Марина схватила пульт от кондиционера и швырнула его в стену рядом с розовым чемоданом.

— Всё. Хватит. Сергей. У тебя есть выбор: либо ты прямо сейчас просишь своего братца и его блондинистое счастье покинуть мою квартиру, либо я вызываю наряд. И подаю заявление. И на развод. Жить с тобой — как в коммуналке с тараканами. Только тараканы хотя бы не курят и не едят икру ложками.

— Да ты с ума сошла, — буркнул Виталик. — Мама говорила, что ты истеричка. Я думал, преувеличивает… А нет, реально.
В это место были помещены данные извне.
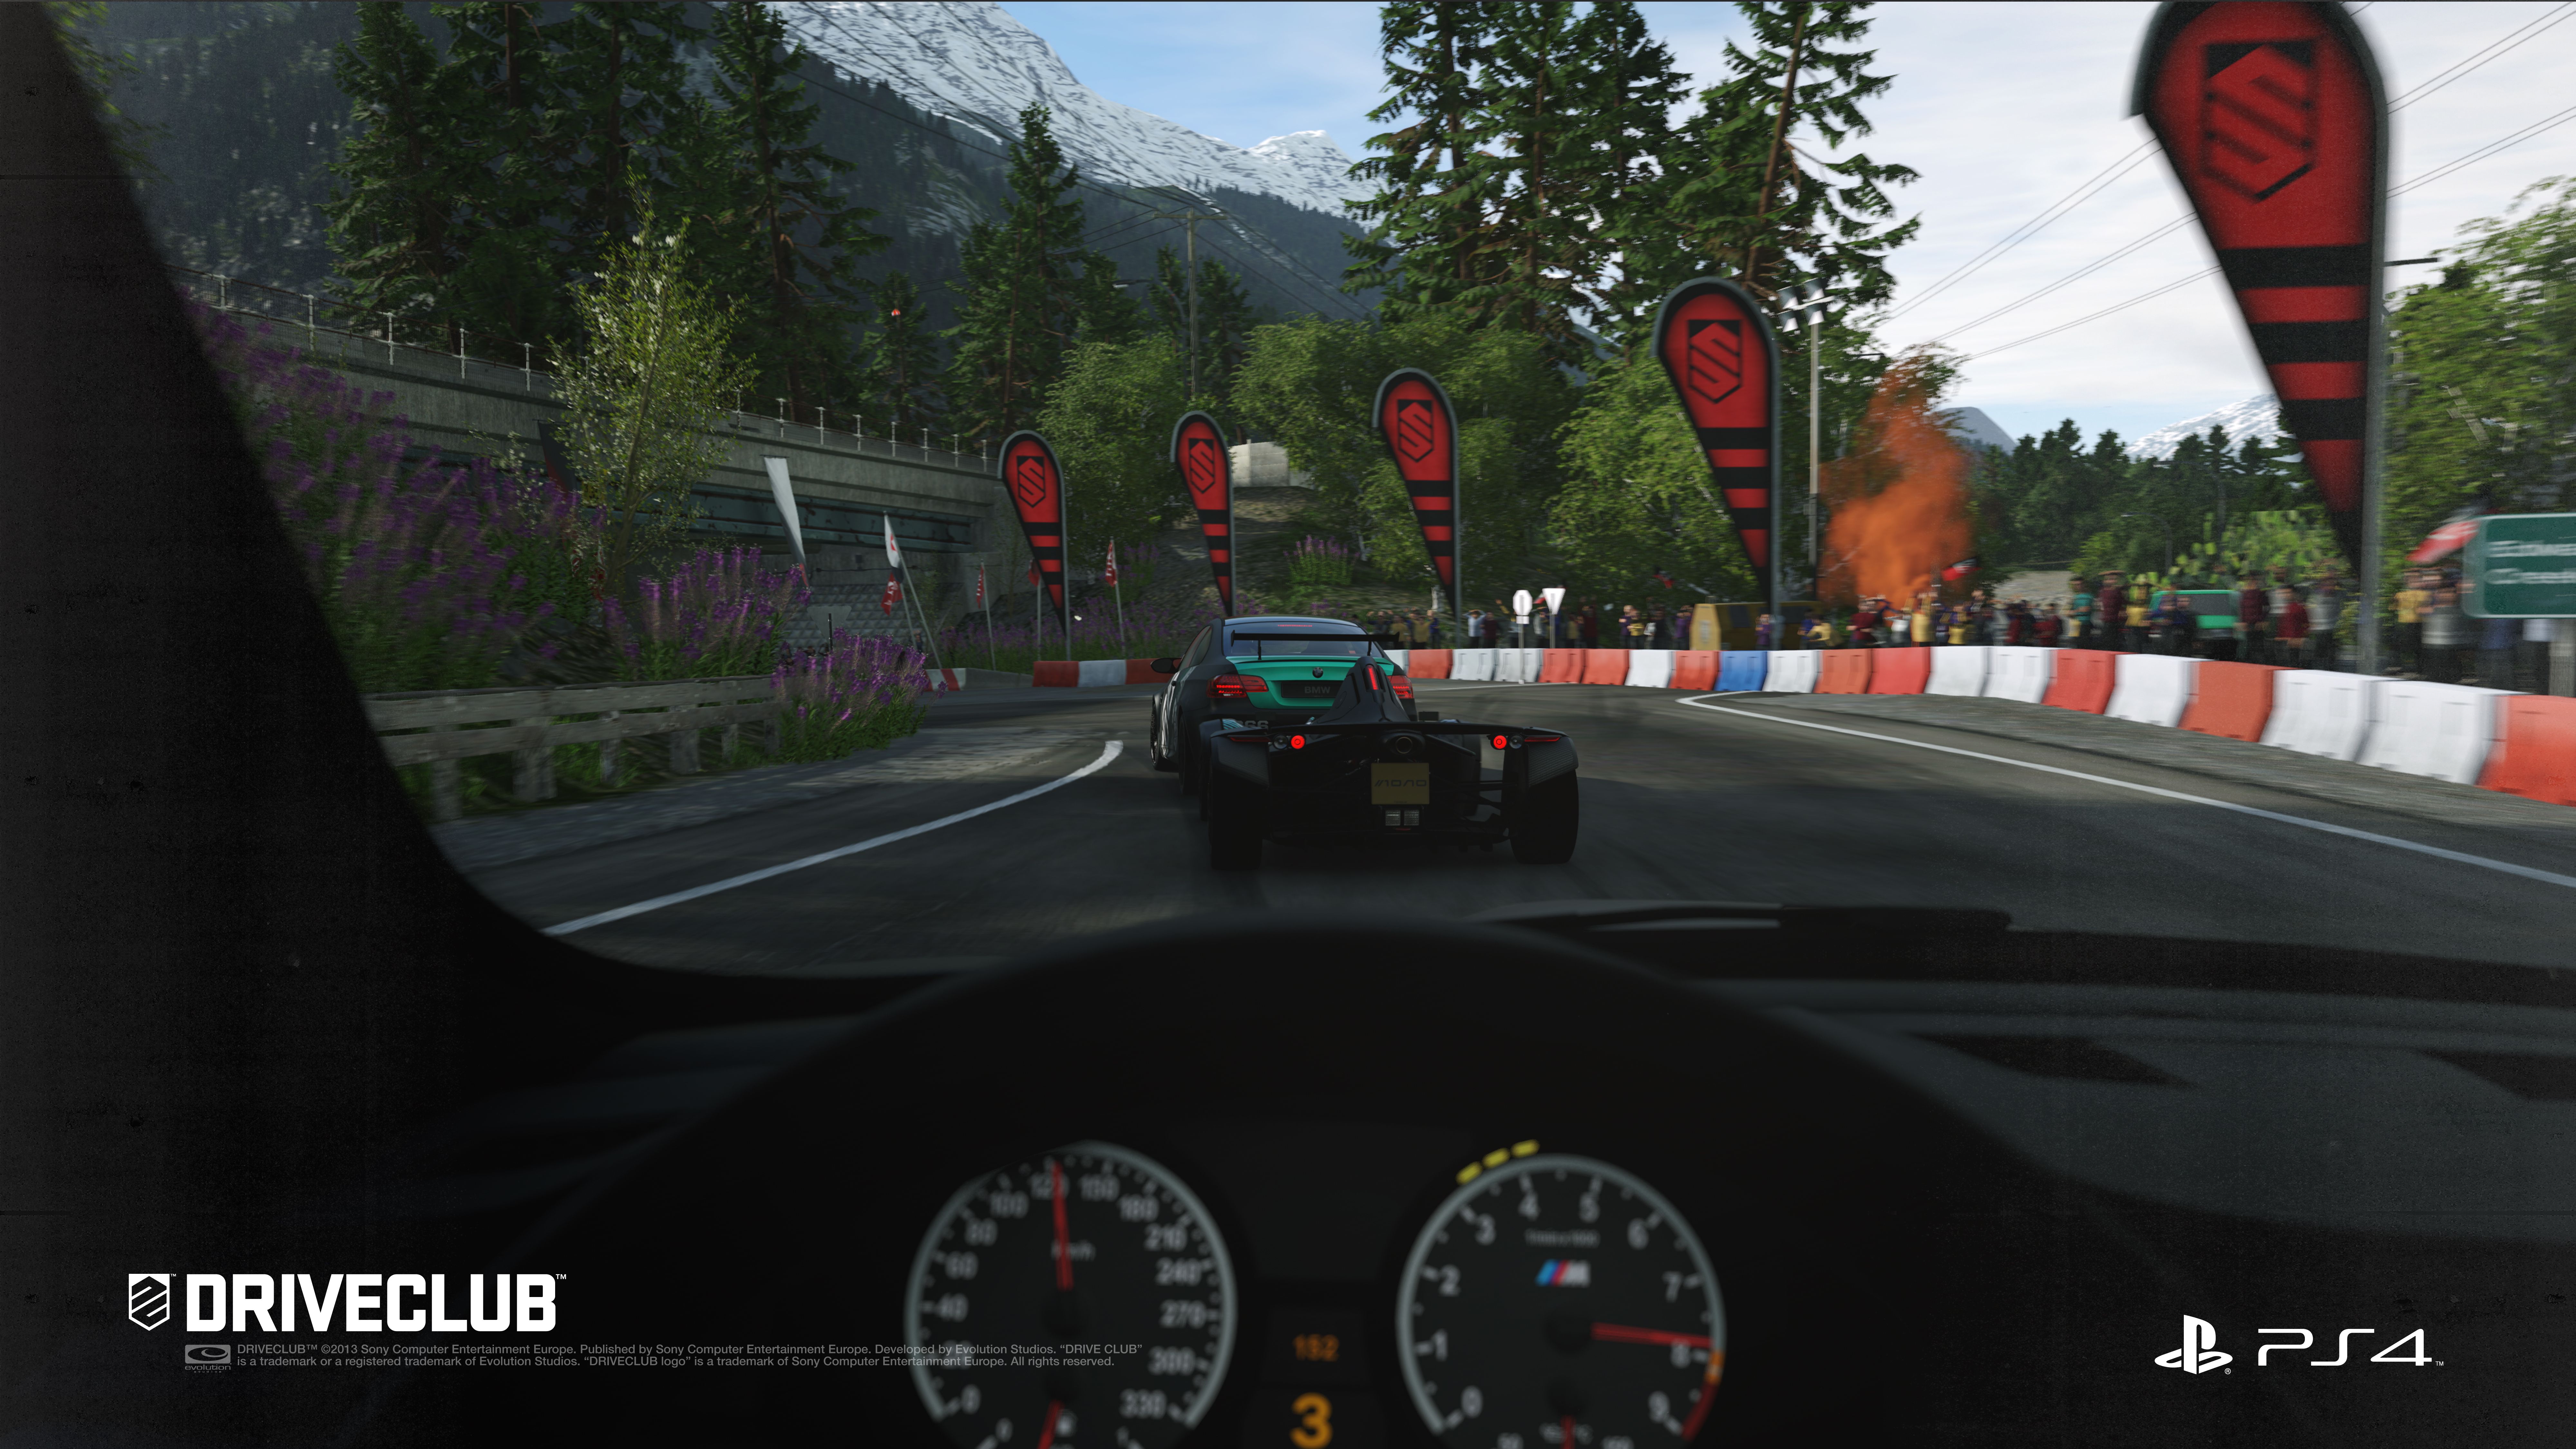 driveclub review image 4

— Мама говорила? — Марина посмотрела на Сергея. — То есть вы ещё и обсуждаете мои недостатки, пока я зарабатываю деньги, чтобы ты, Виталик, жрал мою колбасу?

Сергей выдохнул.

— Давай успокоимся. Может, ты поживёшь у Иры пару дней, а я поговорю с мамой, с Виталиком…

— А давай ты вообще уйдёшь? — тихо сказала она. Так тихо, что Настя даже перестала жевать жвачку.

— Чего? — переспросил он.

— Уходи, Сергей. Прямо сейчас. Забери своё: плавки, носки, ноутбук. И мамину иконку. И иди туда, где тебя слышат. Где тебя считают мужчиной. Где тебе комфортно. Не здесь. Я тебя больше не пущу.

— Марин…

— Я больше не твоя Марин. Ты предал меня. Дома. На моей территории. В моей крепости.

Виталик что-то пробурчал, но она уже не слышала. Стучало в висках, и слёз не было — только обида, тяжёлая, как бетон.

Сергей молча ушёл в спальню. Через десять минут вышел с сумкой. Остановился в дверях. Посмотрел на неё. Она — на него.

— Прости, — сказал он.

— Поздно, — ответила Марина.

Когда дверь захлопнулась, тишина в квартире стала почти осязаемой. Даже холодильник будто перестал гудеть. Только кактус на подоконнике смотрел на всё это с тихим упрёком — весь в пыли и в каком-то странном нижнем белье. Марина осторожно вынула его, вытерла сухим полотенцем, поставила обратно.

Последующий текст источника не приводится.